Risikostratifizierung

Ein weiterer wesentlicher Bestandteil im Management der HCM ist die regelmäßige Risikostratifizierung hinsichtlich des plötzlichen Herztodes. In den meisten Studien zeigte sich das jährliche Risiko bei 1–2% aller HCM-Patient:innen. Während die führenden Arrhythmien zweifellos spontanes Kammerflimmern bzw. ventrikuläre Tachykardien darstellen, können auch höhergradige AV-Blockierungen bzw. spontane Asystolien auftreten.

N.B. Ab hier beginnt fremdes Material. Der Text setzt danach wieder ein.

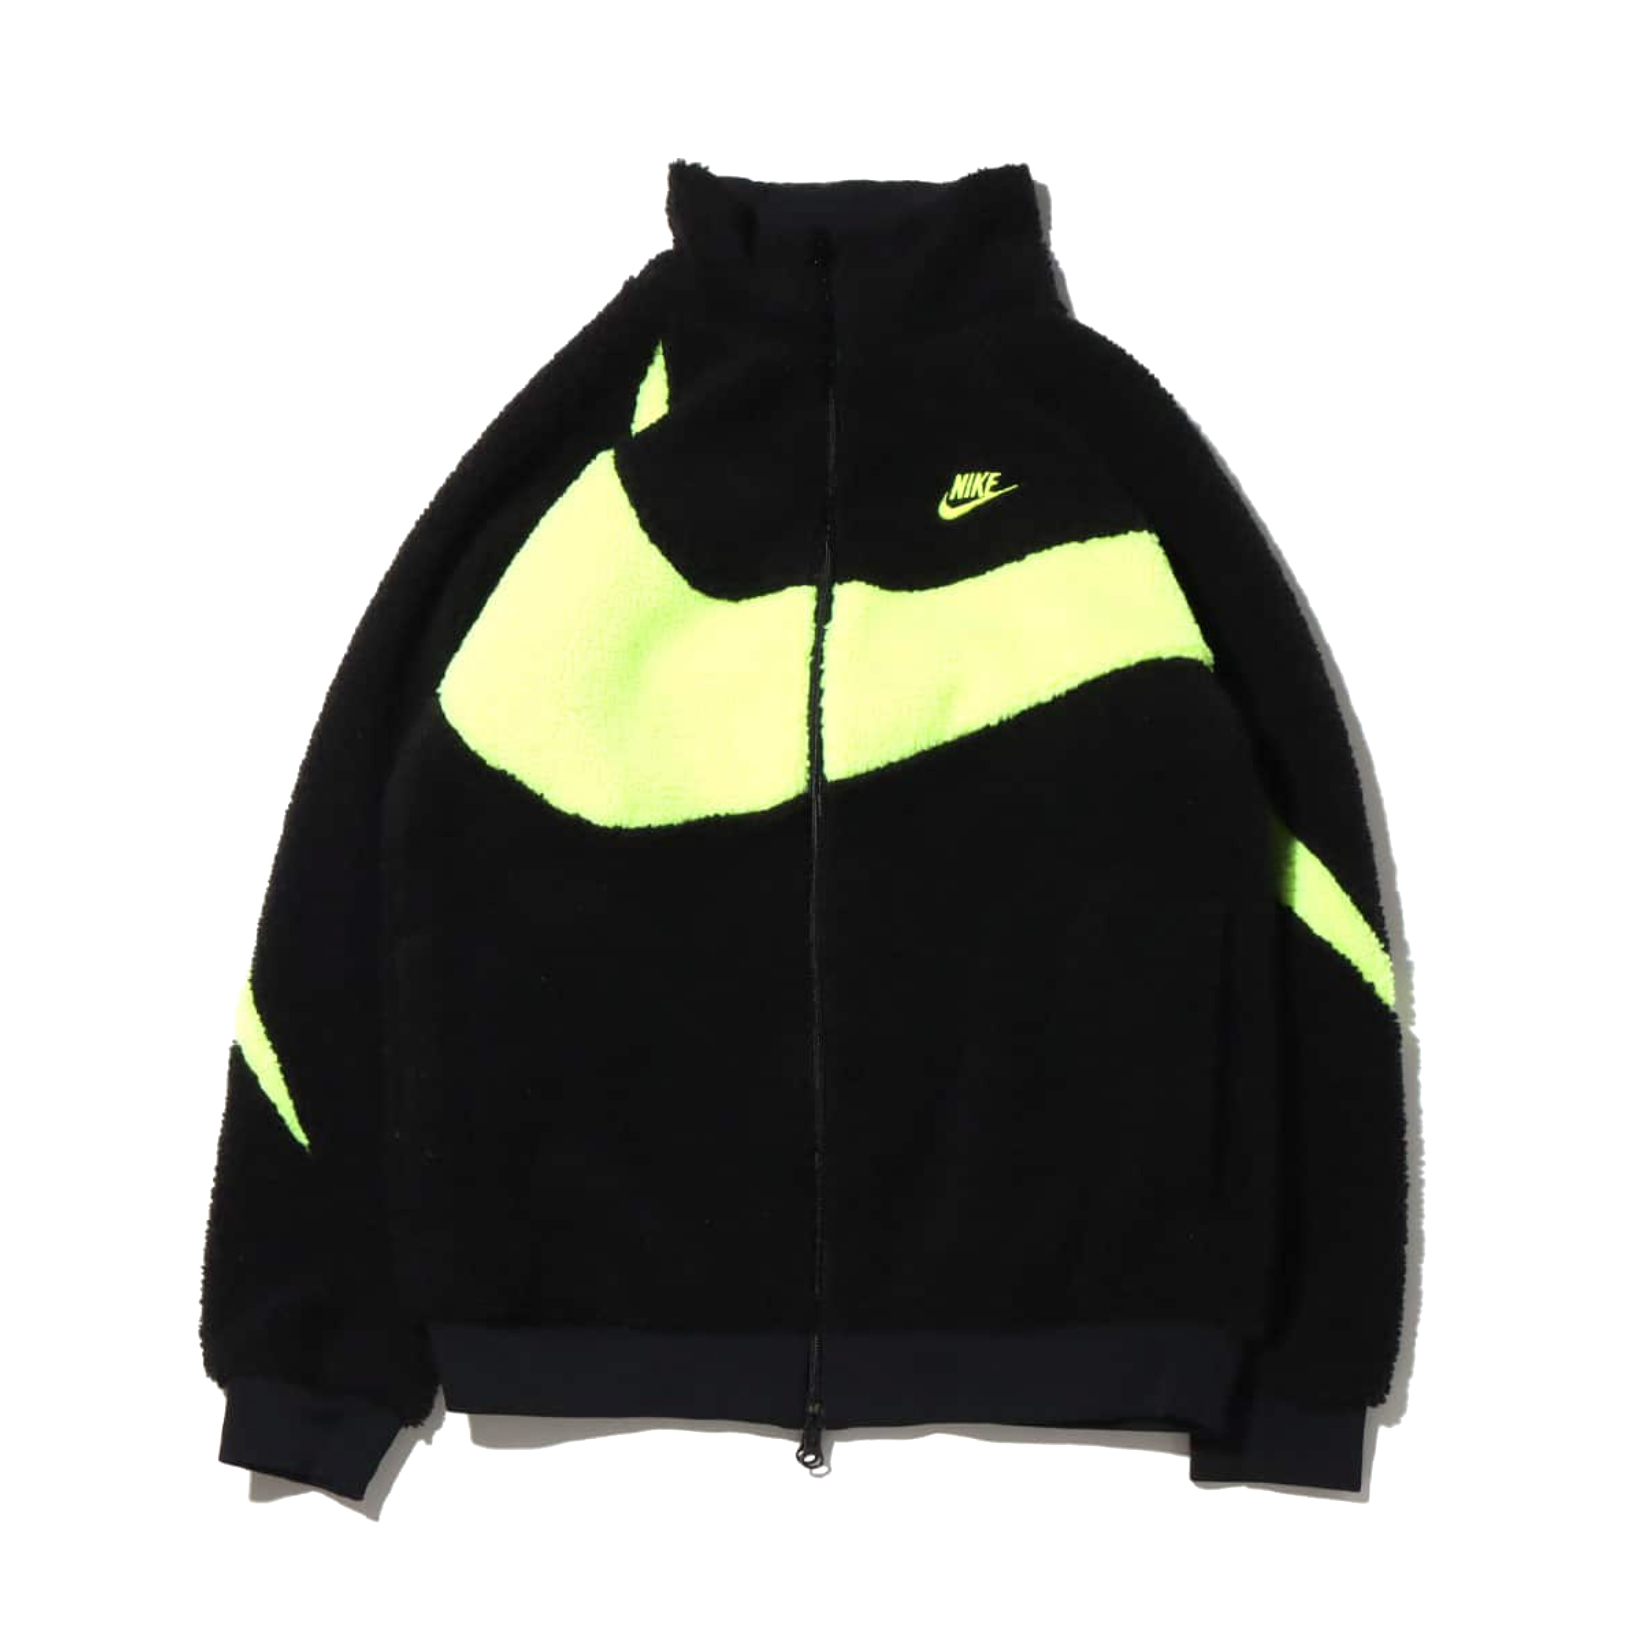 Nike Big Swoosh Reversible Boa Jacket - Danezon

Sowohl die amerikanische als auch die europäische kardiologische Gesellschaft haben Scores entwickelt, die anhand anamnestischer, klinischer und bildgebender Parameter ein entsprechendes 5-Jahres-Risiko für den plötzlichen Herztod aufzeigen. Auf Basis dieser Wahrscheinlichkeit wird individuell die Dringlichkeit bzw. Notwendigkeit einer primärprophylaktischen Defibrillatorimplantation entschieden. Ob eine aktive Therapie mit Mavacamten das Arrhythmierisiko langfristig reduzieren kann, ist Gegenstand laufender Studien und bleibt eine spannende Frage für die Zukunft.

Genetische Testung

Obwohl ein genetischer Genotyp nicht zwangsläufig mit der Ausprägung eines klinischen Phänotyps vergesellschaftet sein muss, hat das genetische Testen in den aktuellen europäischen Richtlinien eine enorme Aufwertung erfahren. Vorausgesetzt, dass kompetente genetische Beratung mit entsprechender Expertise sichergestellt werden kann, soll eine genetische Testung sowohl zur Diagnosesicherung als auch zum familiären Screening bei einer bereits gesicherten Mutation eines Familienmitglieds durchgeführt werden.